Long-term use of insulin is associated with hypoglycemia (HG). This occurs when blood glucose levels are too low. Insulin degludec is a very long-acting basal insulin. Previous studies suggest that insulin degludec lowers the risk of HG. Whether patients switching from other types of basal insulin to insulin degludec also have a lower risk of HG is unclear.
Methods & findings
556 patients had Type 1 diabetes (T1D) and 611 patients had Type 2 diabetes (T2D). 19.2% of patients with T1D and 16.4% of patients with T2D had well-controlled sugar levels (less than 7%). More than half of the patients in each group were considered at risk for an episode of HG (68.2% for T1D, 56.6% for T2D). Patients continued taking their previous basal insulin for 4 weeks before switching to insulin degludec. Patients were followed for an average of 12 months.

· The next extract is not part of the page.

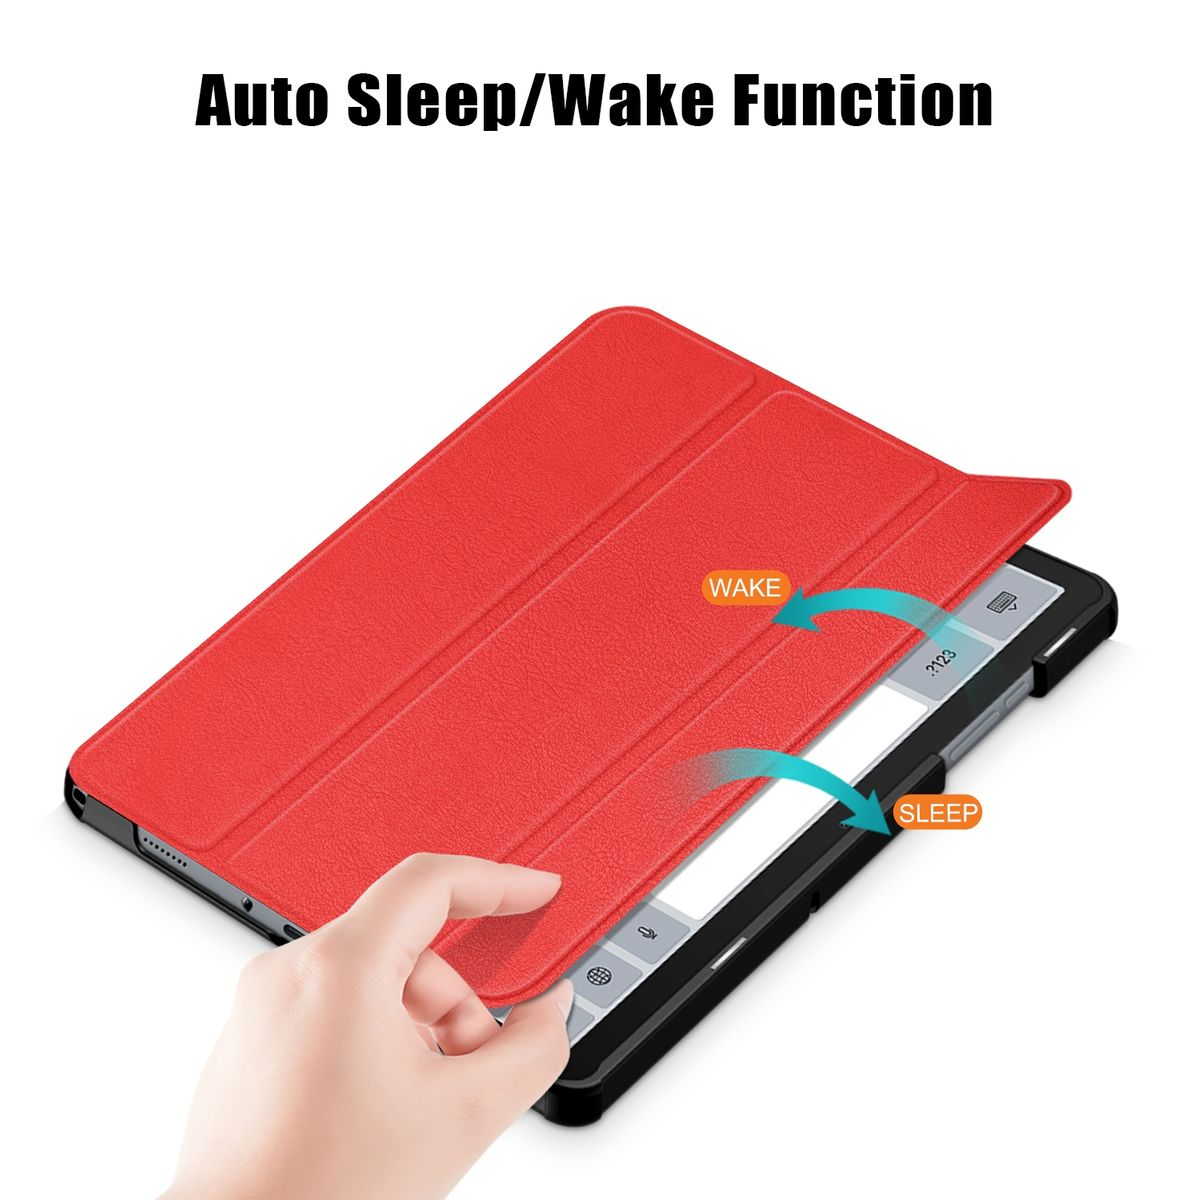 WIGENTO 3folt Wake Full Samsung Cover Silikon UP aufstellbar Tablethülle Kunstleder, Kunststoff Rot für Sleep / & Cover 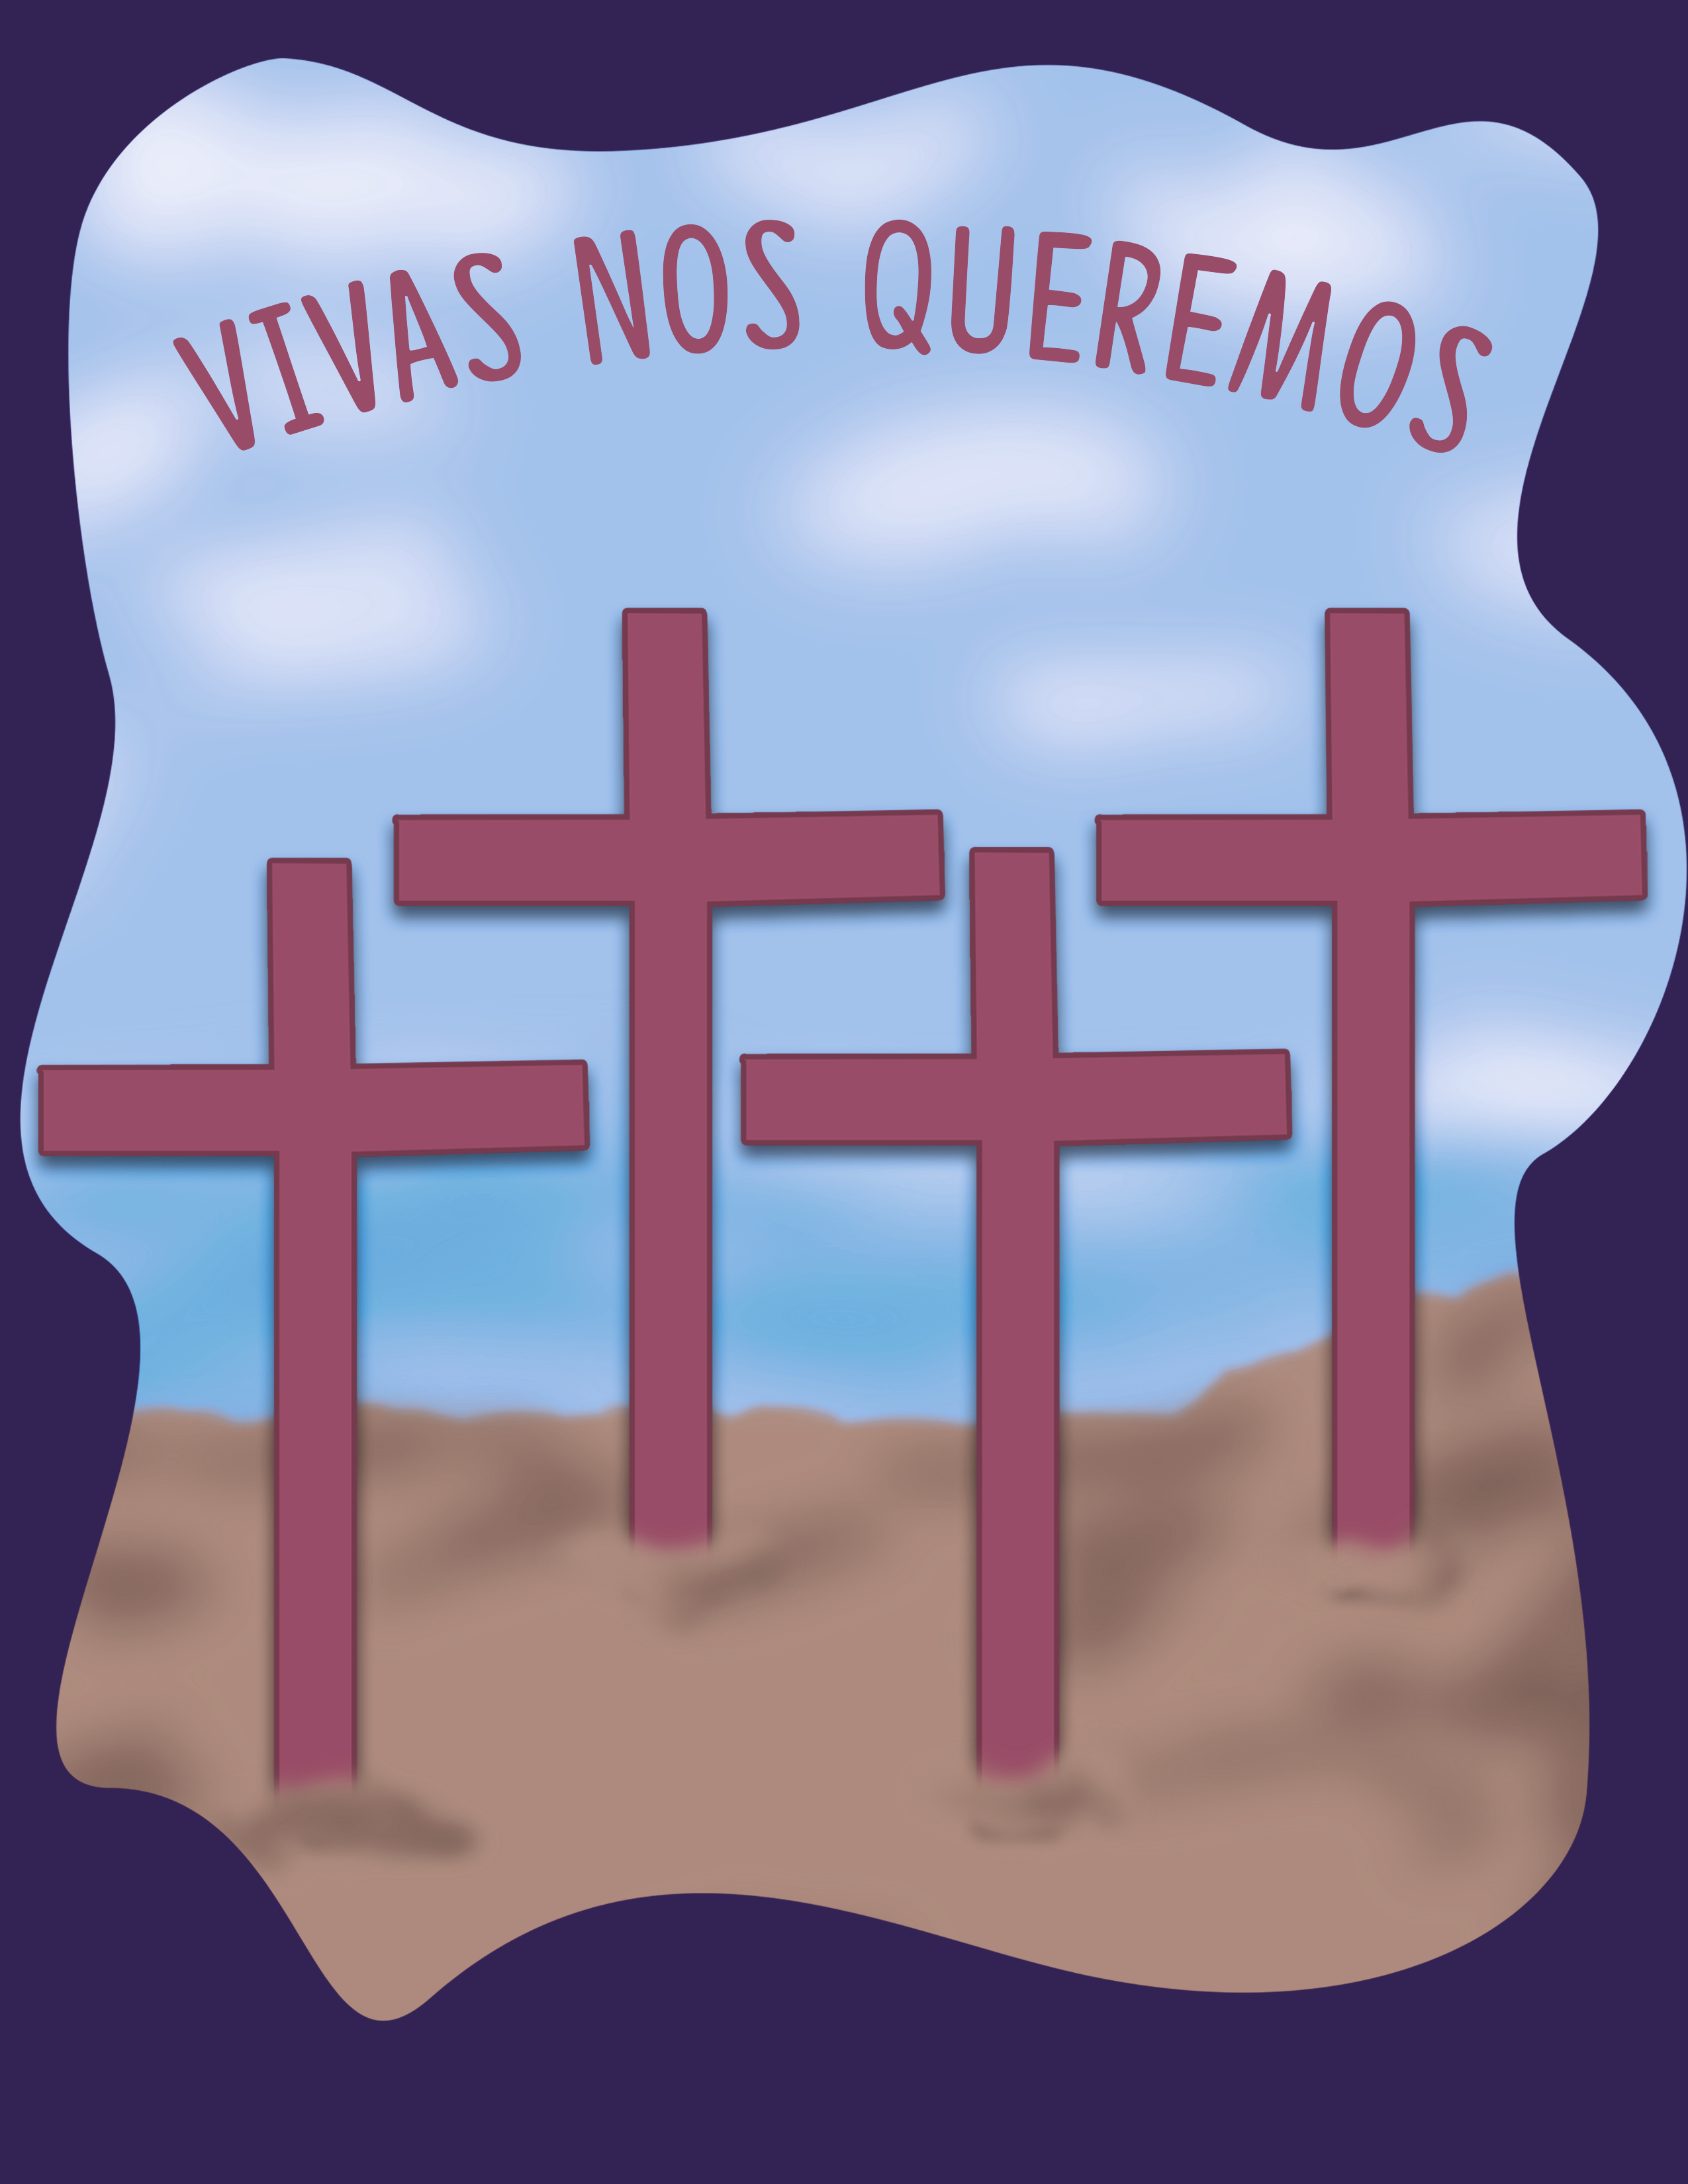 Realizan misa y revelan obra artística en memoria de Monse, víctima de feminicidio en Puebla

Overall, insulin degludec lowered the risk of HG by 20% for patients with T1D and by 54% for patients with T2D. The risk of severe HG also decreased by 72% (T1D) and 49% (T2D).
HbA1c is a measure of average blood glucose levels over the past 3 months. Among patients with T1D, the average HbA1c decreased from 8.1% to 7.8% with insulin degludec. Among patients with T2D, the average HbA1c decreased from 8.2% to 7.8% with insulin degludec.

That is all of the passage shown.